Tuesday, March 29, 2005

Being a cubicle-dweller in a corporate environment has its share of hazards. Now, it appears I can add metaphysical bullying to the list.


Through the innovation of intra-office e-mail, (which allows annoying people to pester you from floors and even entire buildings away without leaving the comfort of their staling, climate-controlled workstations) I am inundated daily with forwarded jokes, chain letters, and even Power-Point presentations.

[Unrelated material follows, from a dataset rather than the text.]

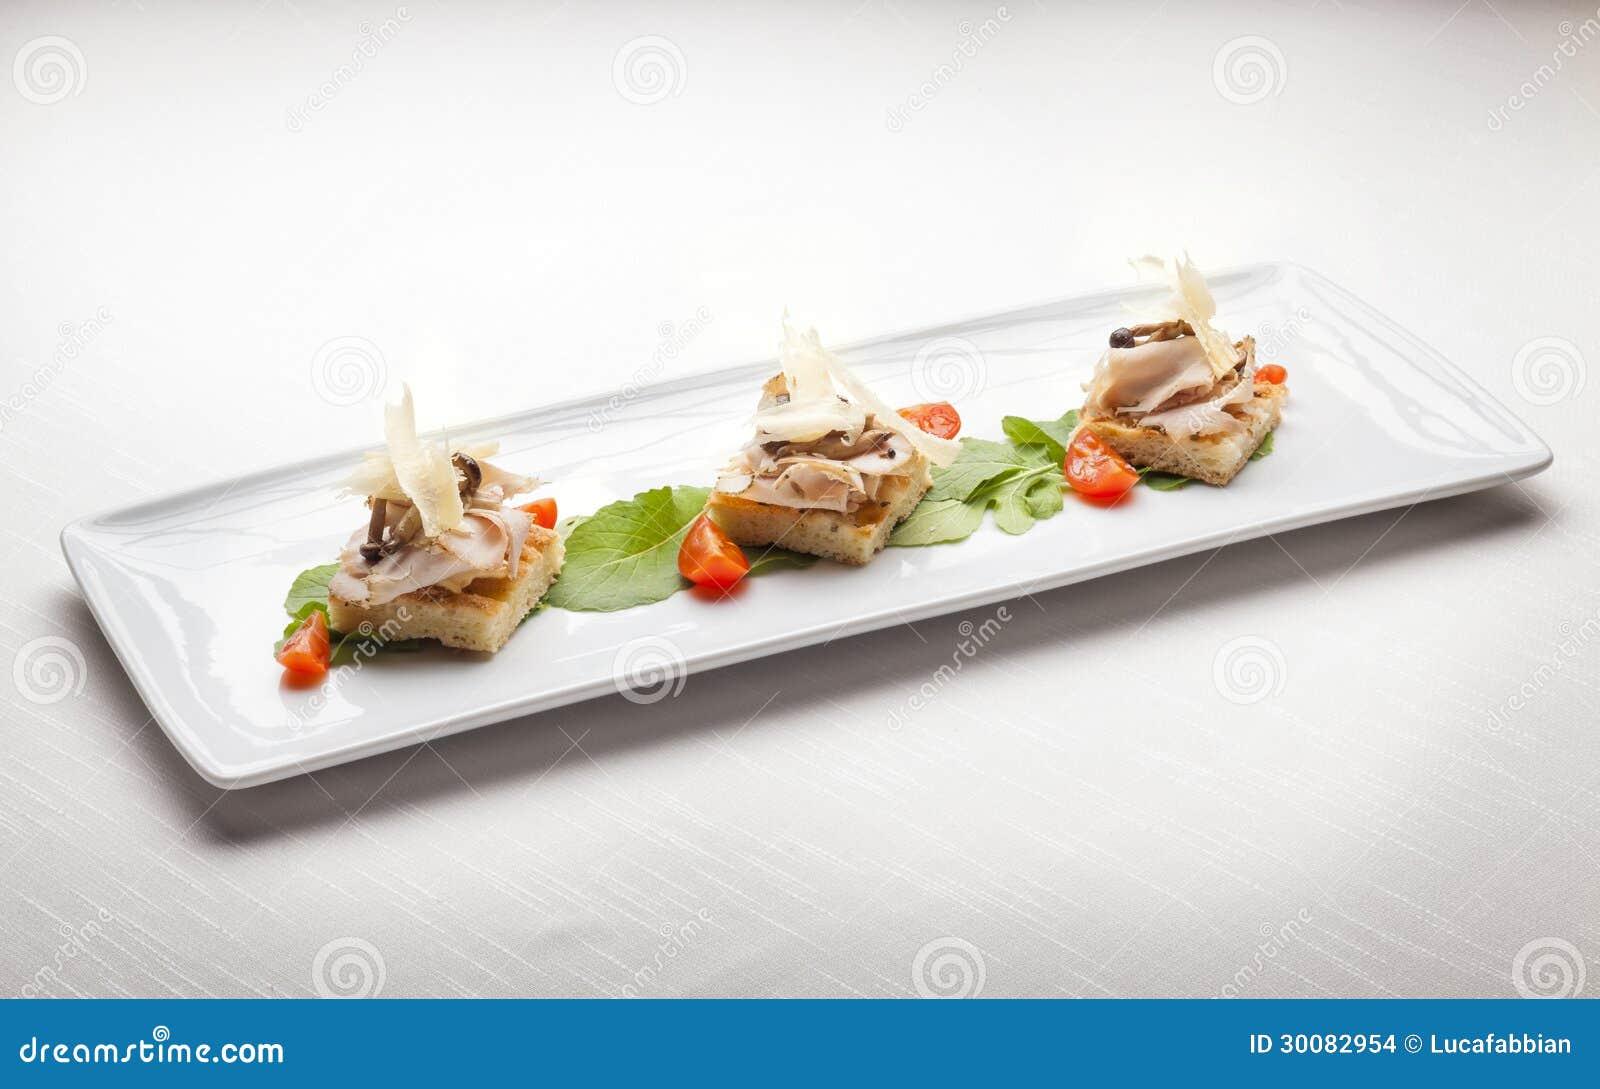 Crostini Di Focaccia Italian Fine Dining Appetizer Stock

I bear these as gracefully as I can.


One thing I can no longer tolerate is that little message at the end of each one ordering me to "send this to X amount of people or you'll get Y amount of bad luck."
Even more absurd are the more specific claims that I'll receive a phone call with good news in a number of minutes vaguely related to the content of the message if I obey.


Now I consider myself open-minded. I've heard tales of items that are said to have mystical properties.

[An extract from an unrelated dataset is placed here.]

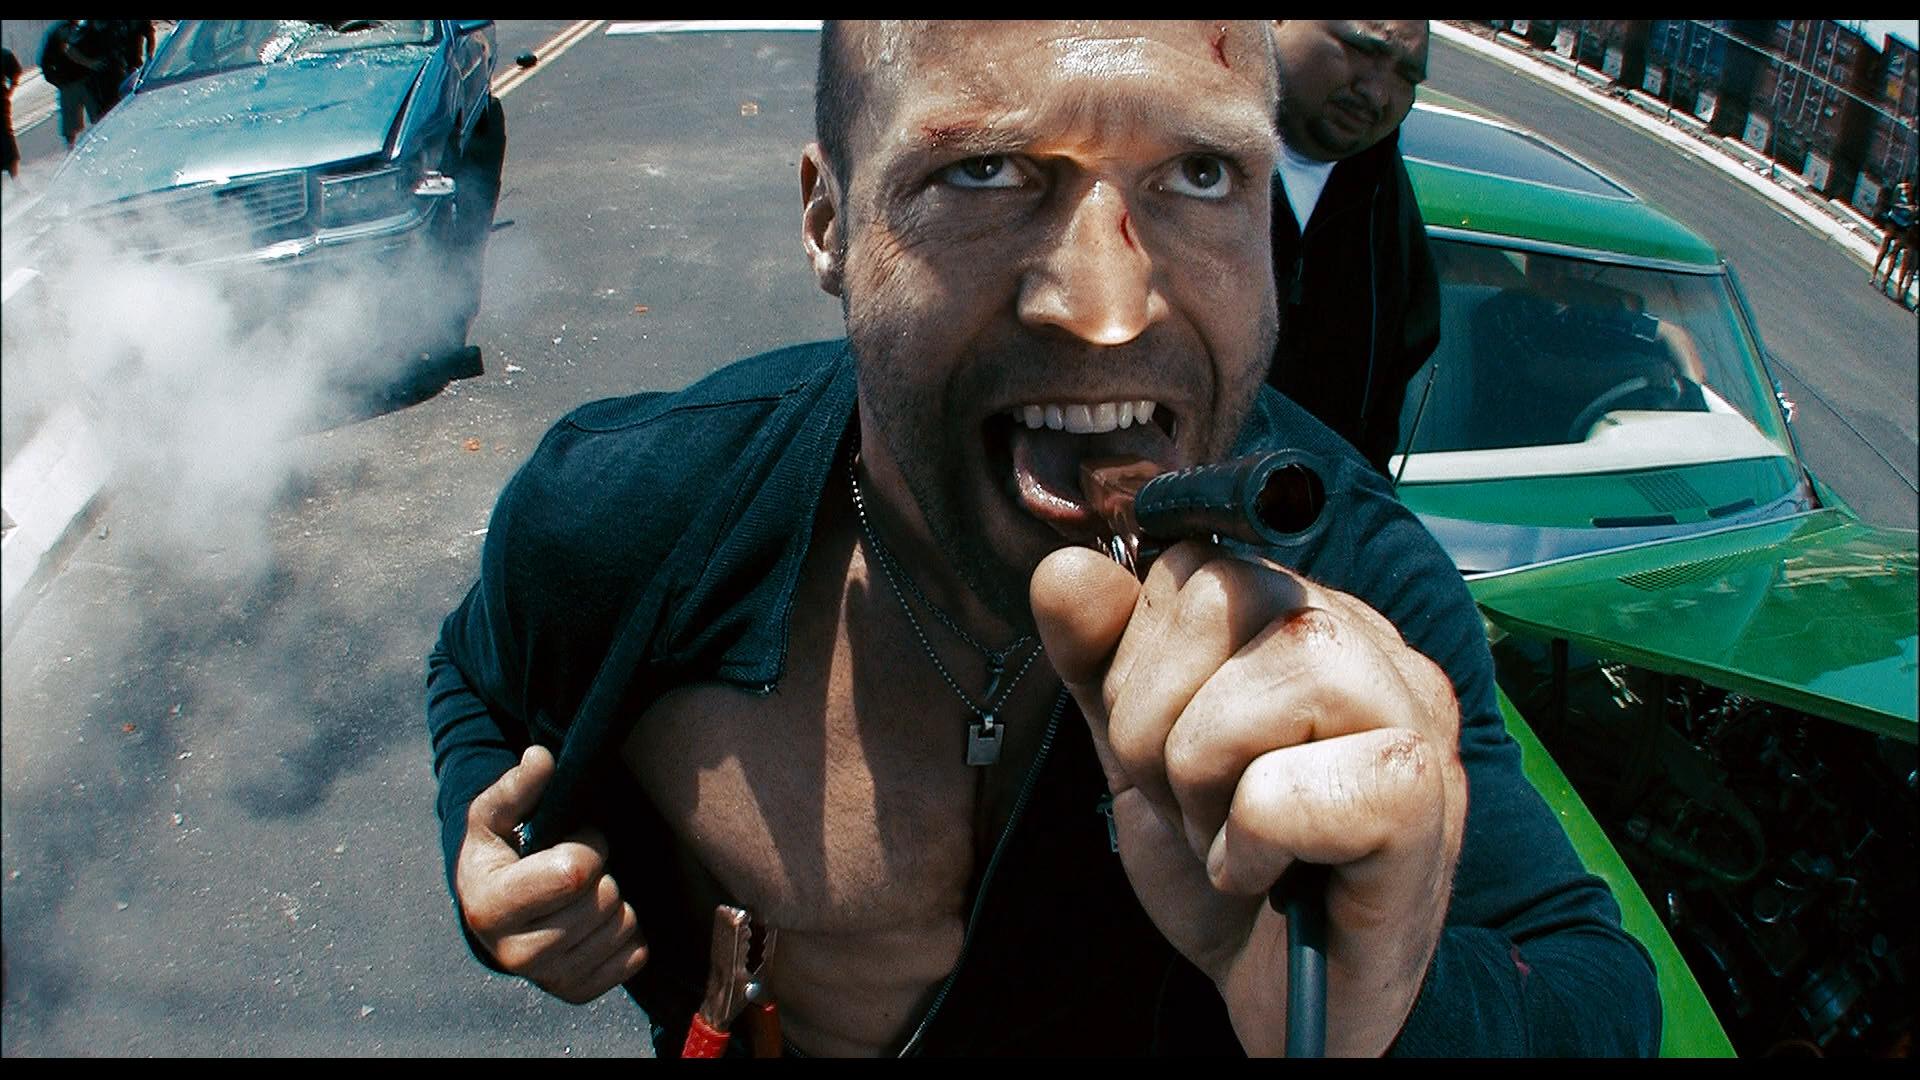 Gã Chev điên do Jason Statham thủ vai. (Ảnh: Internet)

Some examples are King Arthur's Excalibur, the Necronomicon, the Spear of Destiny, and that Holy Grail all those British comedians were after.


Yet, in all my years of studying the occult, I've never come across anything proclaiming the awesome powers of the free Yahoo! mail account.


So whatever ancient, clandestine orders of priests, shamans, or druids that are trying to harness the mystic combination of jpeg animations and poor grammar need to stop sending me this nonsense. If they want to bring me harm I suggest they try something that actually works, such as cutting my brake lines. Or a voodoo doll.